▶ [PROBLEM]:
Return only these lines: the one that contains "Time and space" and every line after it through the end of the listing, exactly, without pictures.

▶ [DATA EXCERPT]:
============

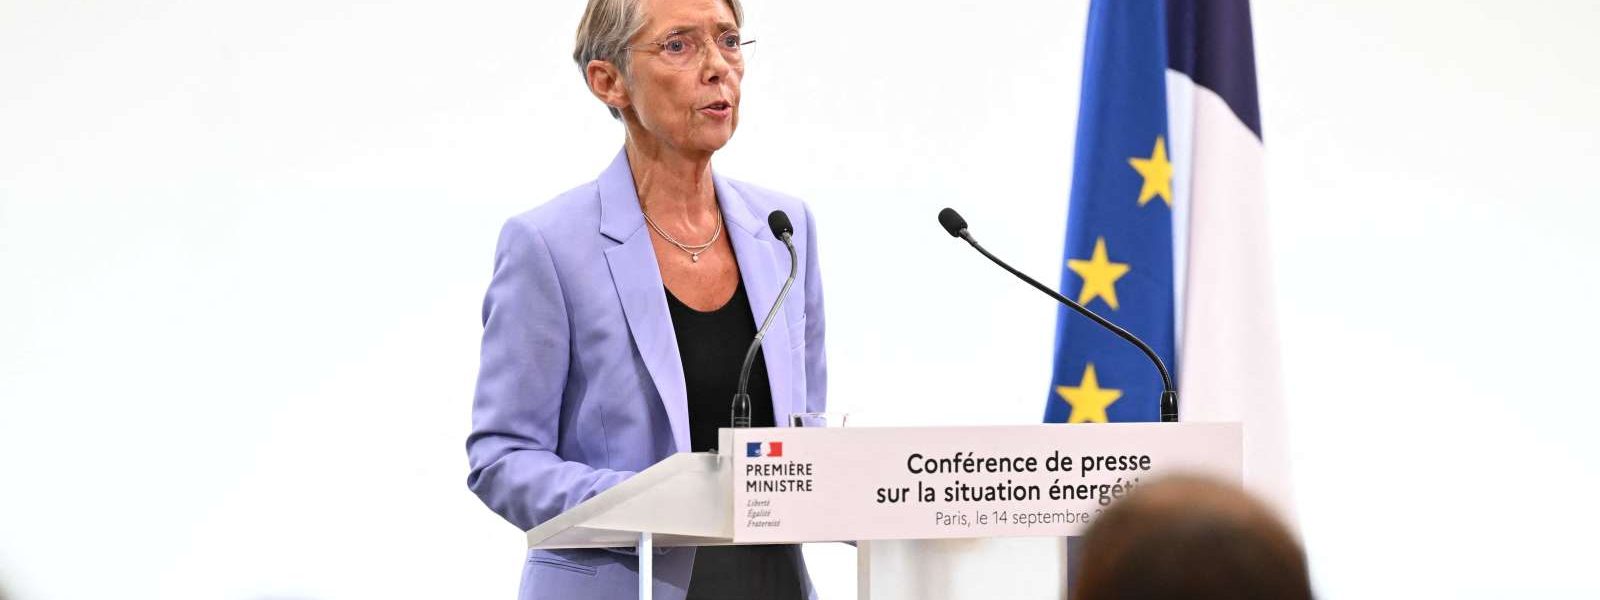 French Prime Minister Elisabeth Borne delivers a speech during a press conference on the energy situation in France and Europe in Paris, on September 14, 2022. (Photo by Bertrand GUAY / various sources / AFP)
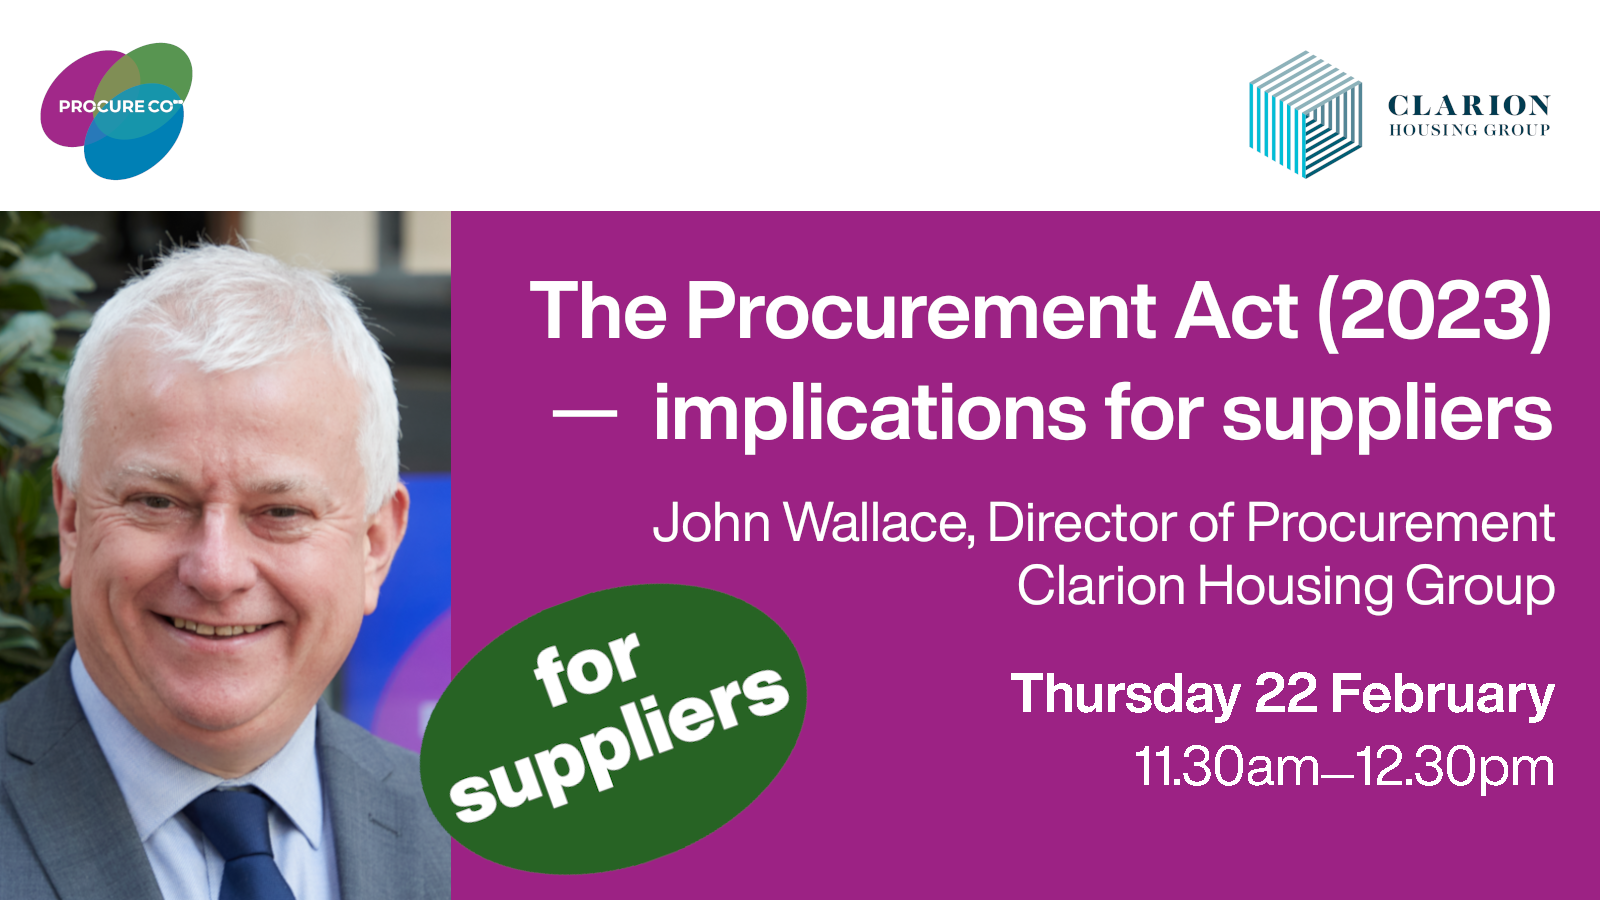 The Procurement Act (2023) implications for suppliers ProcureCo
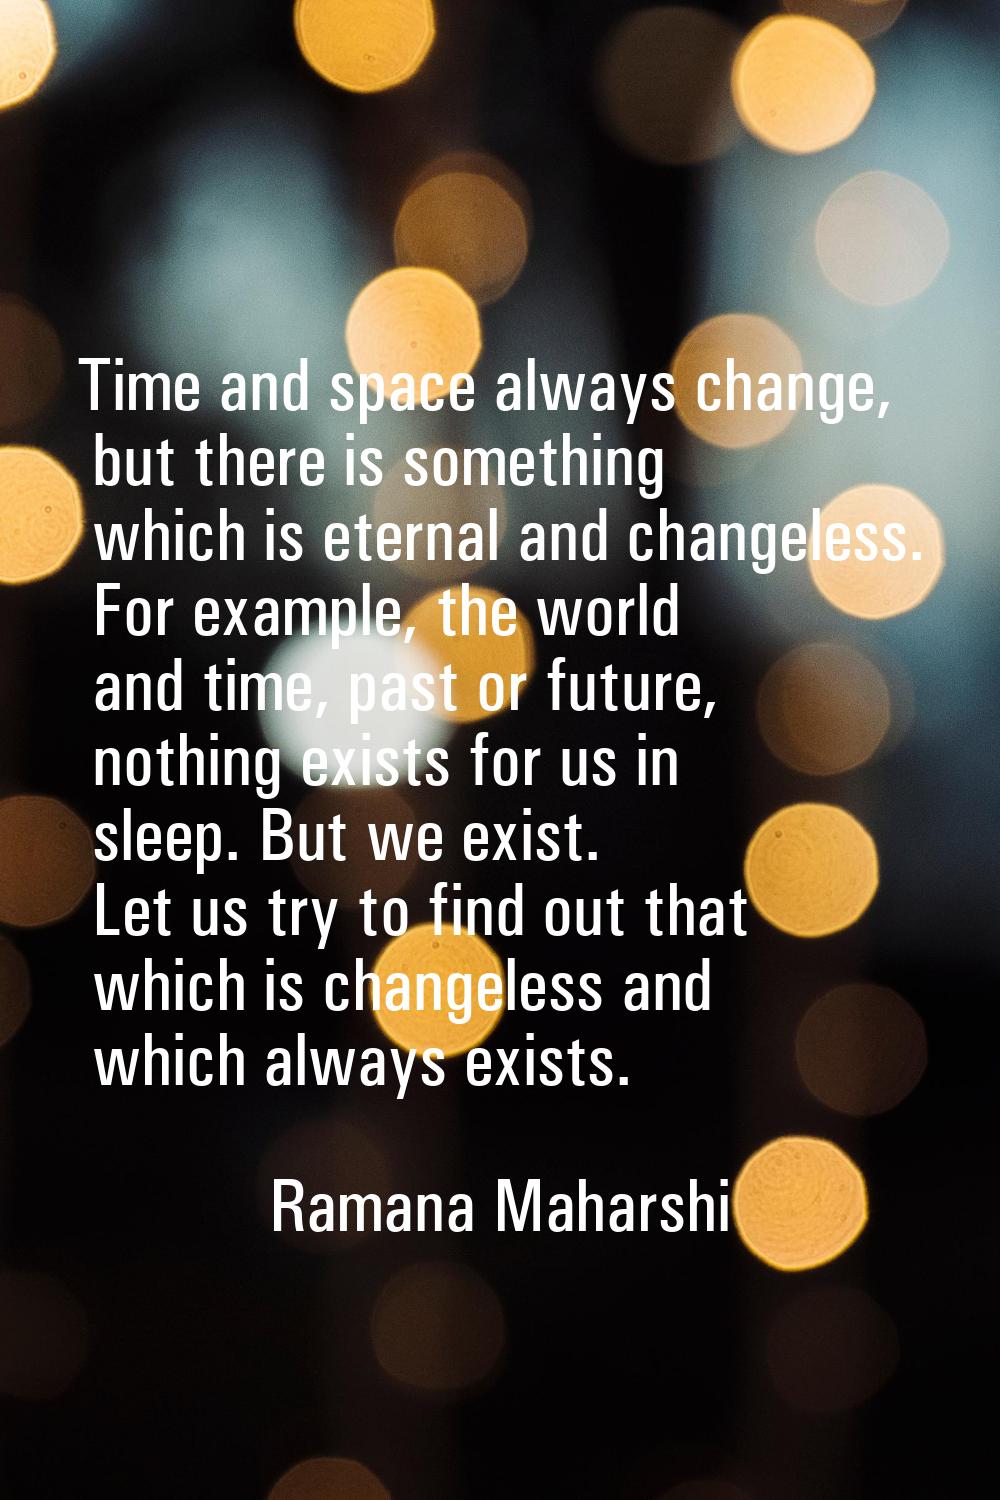 Time and space always change, but there is something which is eternal and changeless. For example, 
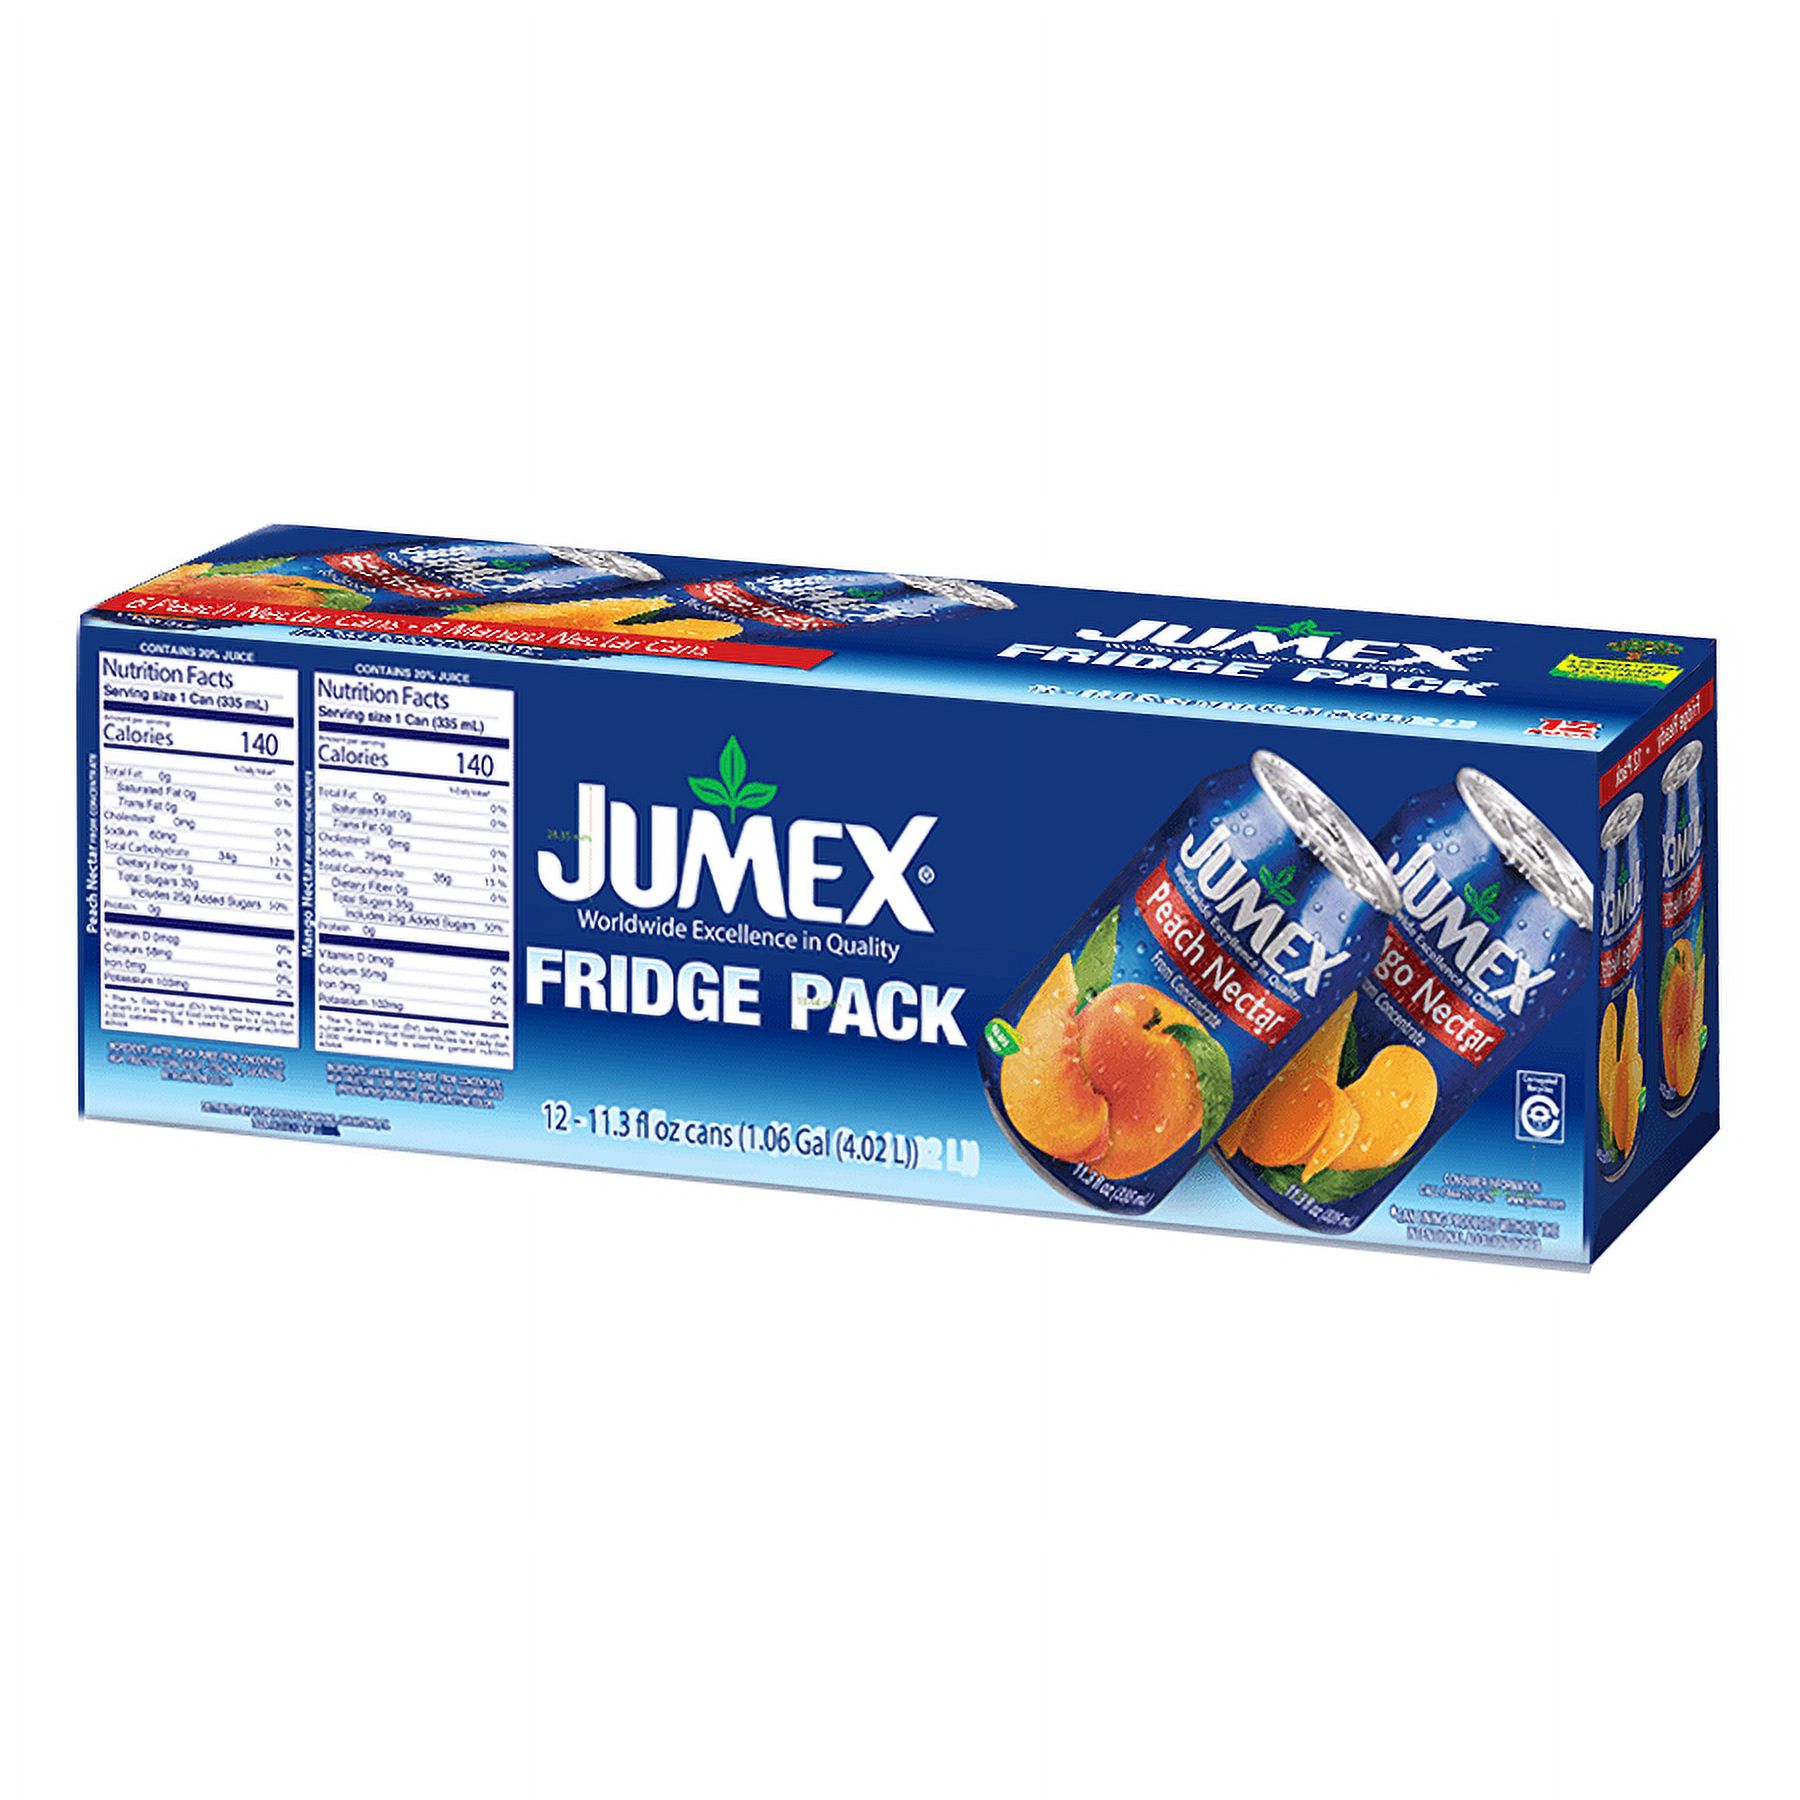 Jumex Mango and Peach Nectar from Concentrate, 11.3 Fl. Oz., 12 Count - image 3 of 5

============

▶ [OUTPUT FOR THIS EXERCISE]:
 Time and space always change, but there is something which is eternal and changeless. For example, 
 Jumex Mango and Peach Nectar from Concentrate, 11.3 Fl. Oz., 12 Count - image 3 of 5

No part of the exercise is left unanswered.